According to popular wisdom, Hugo Ferdinand Boss, founder of the Hugo Boss fashion brand, was responsible for designing Nazi Germany’s military uniforms, most notably the sleek, menacing black SS uniform. It’s one of those bits of trivia that most WWII buff know. To come clear right at the beginning, it’s not true. Boss did not design the infamous uniform, and probably not any other military clothing, either. He did manufacture them, however, being one of many companies to do so. In this article, we’ll look at the truth behind the story.
Hugo Ferdinand Boss (1885-1948) served as a corporal in World War I, then established a clothing company in 1923, initially producing traditional garments then expanding into work- and sportswear. At the time, the German economy was in ruins due to the war and the punitive reparations forced on the country by the Versailles Treaty. Boss’ company struggled and failed, leaving him with a mere six sewing machines after dealing with his creditors in 1931.

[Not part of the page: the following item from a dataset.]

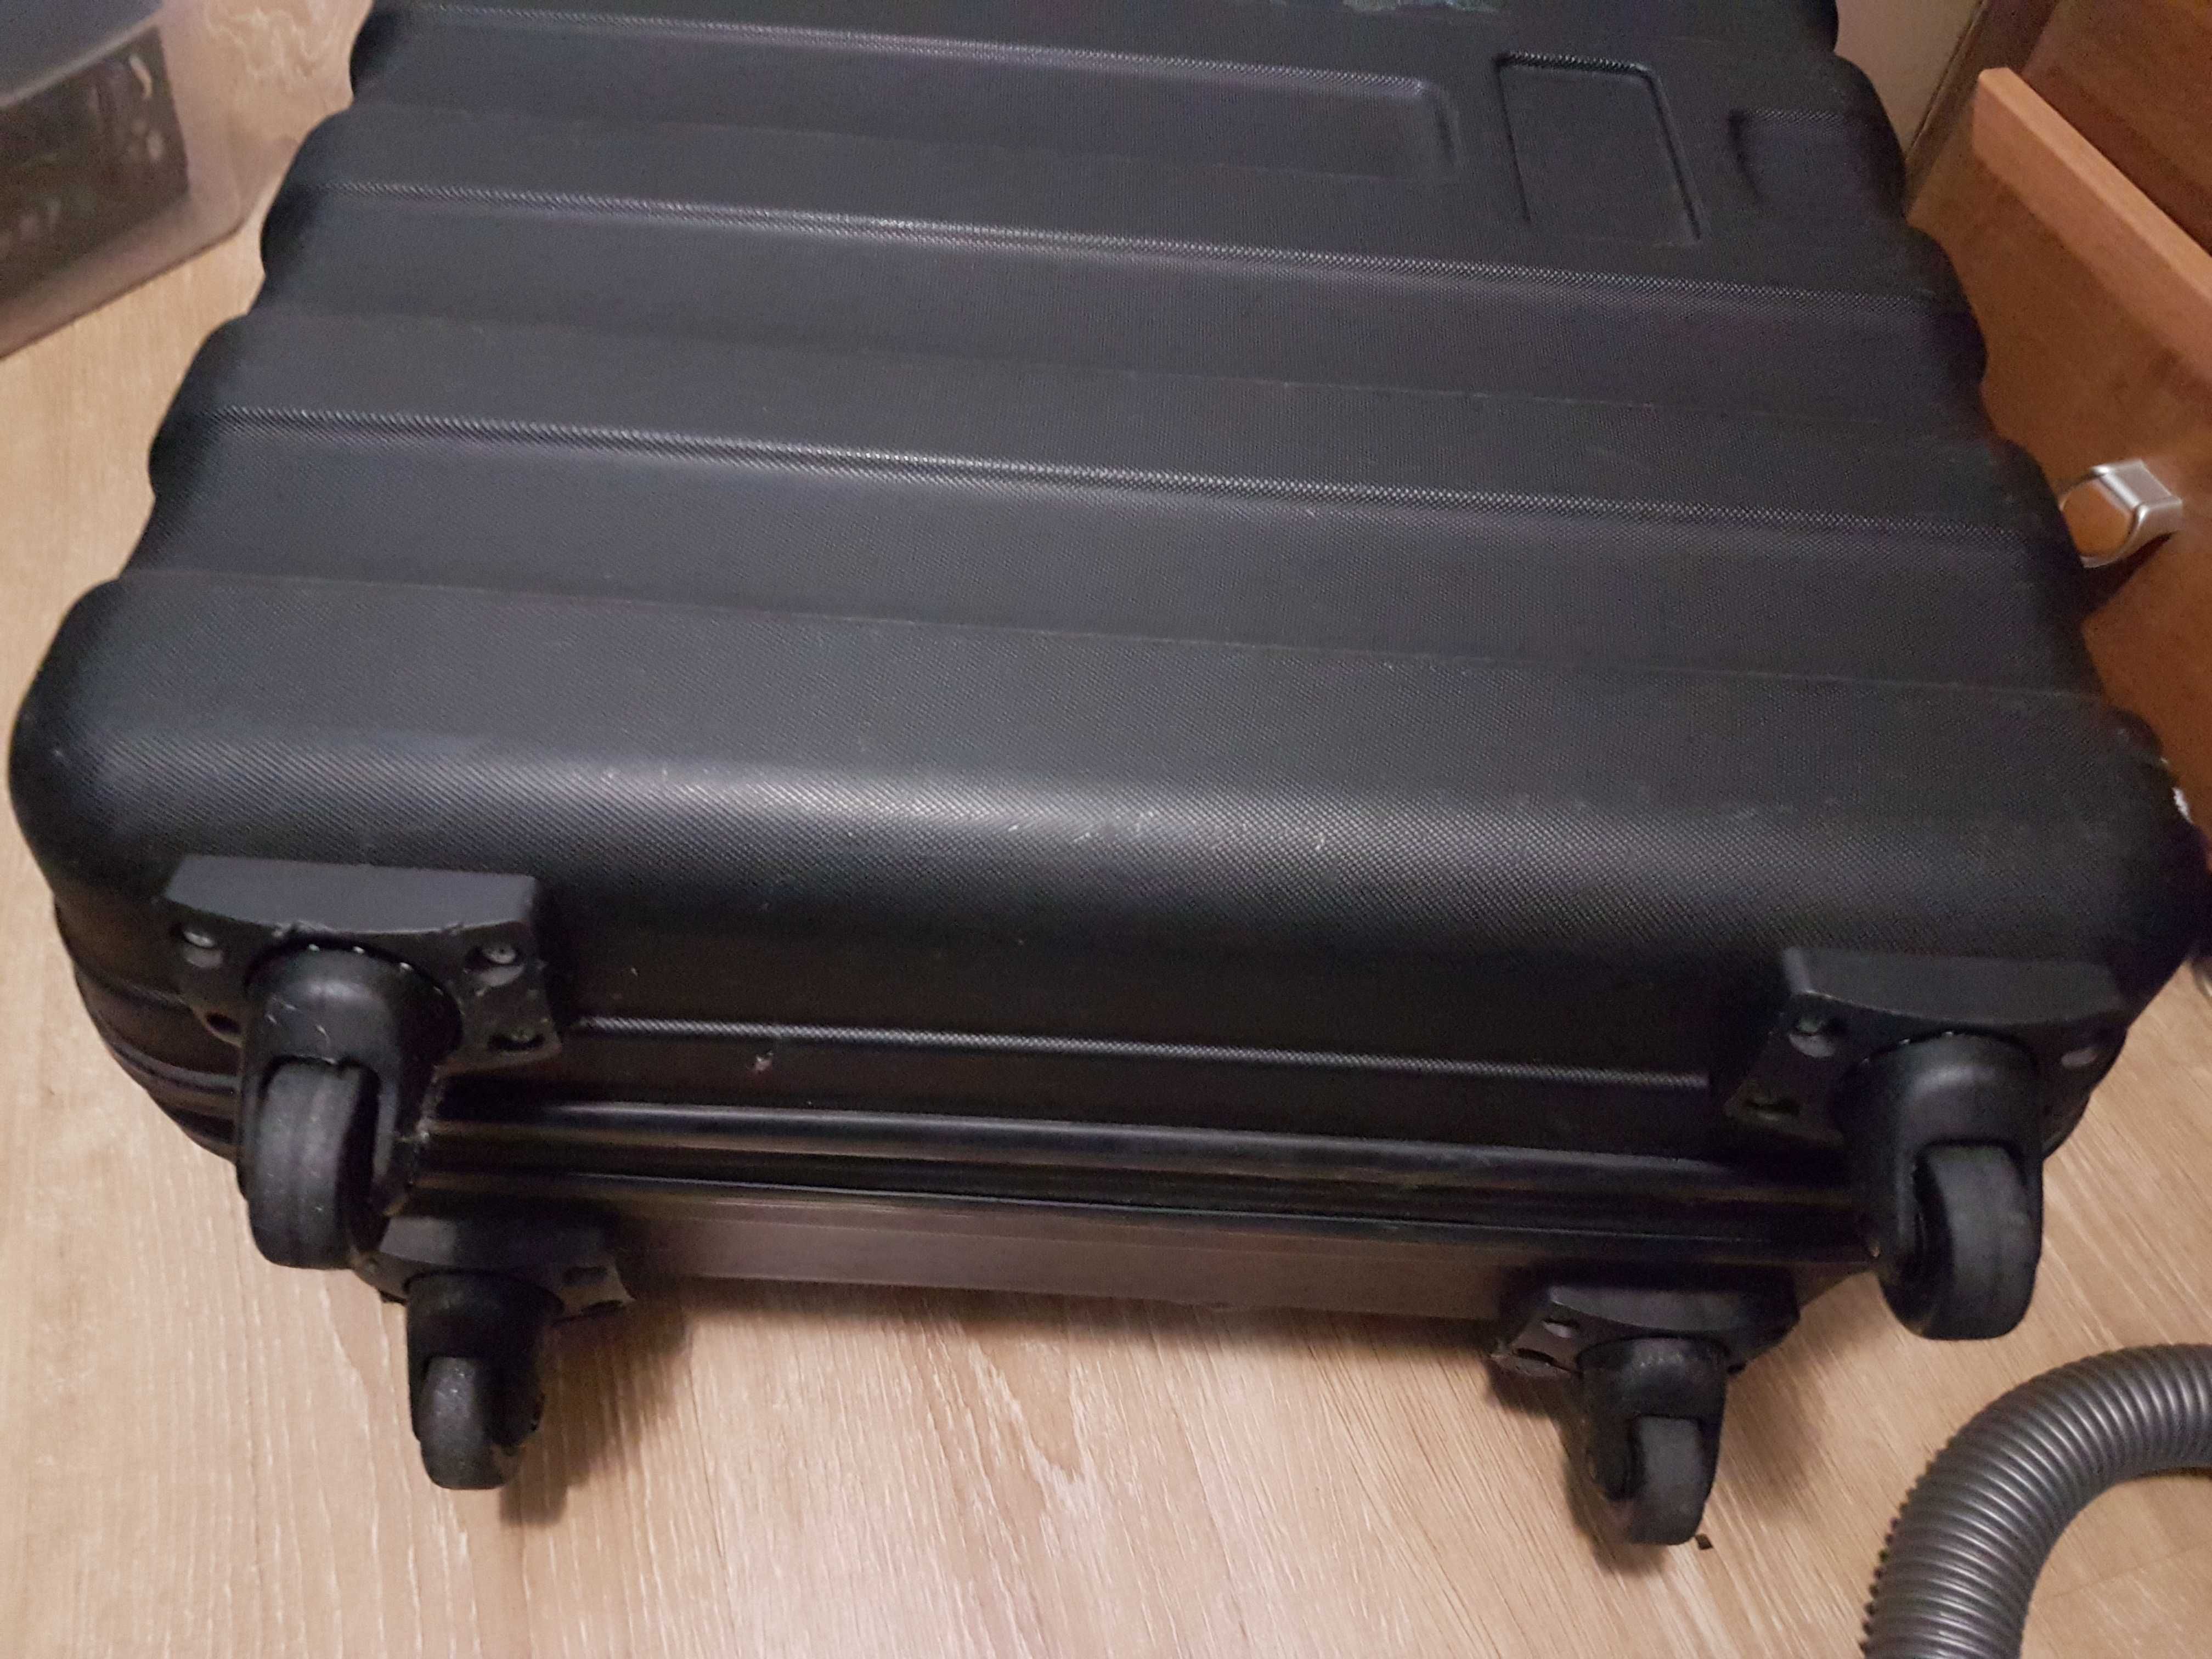 Dron DJI Inspire 1 zestaw z walizką

At the time Boss joined, the Nazi Party was increasing its influence by leaps and bounds. Part of the decision was pragmatic: as a party member with industry experience, he had already manufactured some brown SA uniforms in the past, he could secure some commissions for himself. It’s also quite possible that Boss, like many German businessmen at the time, felt that only Hitler could fix the country’s economy.
A 2011 study commissioned by the Hugo Boss company to objectively assess its own past suggests that he might also have believed in Nazi ideology, though the exact nature of his private political views is unknown. Whatever his reasons, hitching his cart to the Nazis paid off: he became a regular supplier of SA, SS, Hitler Youth and military uniforms, making 1,000,000 Reichsmark (some $400,000 at the time) in 1940 alone. Note that as far as it can be determined, neither he nor his employees designed any of them.
During the war, the company employed 140 forced laborers (mainly women) and, for a time, 40 French POWs to round out its workforce. Conditions for these workers were questionable at best with poor hygiene, no medical care and little food, though Boss tried to improve on the last one by trying to get them additional provisions. While some company officials treated the women very harshly, it would appear that Boss personally felt at least a little bit of compassion and responsibility for these people and provided them with conditions that were somewhat better than most other forced laborers experienced.
One notable case is that of Josefa Gisterek, a Polish woman. In December 1941, she tried to go home to her family without a vacation permit but was captured by the Gestapo, taken to Auschwitz and severely beaten. When Boss found out where she was, he used his Nazi contacts to have her returned to the factory. Once back, Gisterek was assigned to a devout Nazi foreman who overworked her to the point of physical breakdown and she had to be given a three-month medical leave to recover. When that time was drawing to a close, Gisterek committed suicide rather than go back to the factory. After learning about this, Boss not only paid for her funeral, but also covered the travel expenses of attending family members, a gesture no other factory owner would have done for forced laborers.
After the war, Hugo Boss had to undergo the denazification process. He was found to be an “activist” and a “supporter and beneficiary of National Socialism.” He was stripped of his voting rights, his right to own a business and was charged a heavy fine of 100,000 German Marks. After an appeal, he was reclassified as a “follower,” a lesser category. The company was taken over by his son-in-law Eugen Holy and Hugo Boss died of medical complications arising from a tooth abscess in 1948.
At this point, you might ask who actually designed the SS uniforms if it wasn’t Hugo Boss. The uniform had two creators: Karl Diebitsch, an SS officer with formal art training who also designed numerous other pieces of Nazi regalia, and graphic designer Walter Heck. Heck’s exact contributions are unknown but it’s certain that he created the distinctive SS symbol comprised of two lightning-like Germanic Sig runes. The symbol that became a mark of terror and one of the foremost emblems of the Nazi regime was first featured on a lapel pin designed by him in 1929, for which he was paid 2.50 Reichsmark (about 25 cents).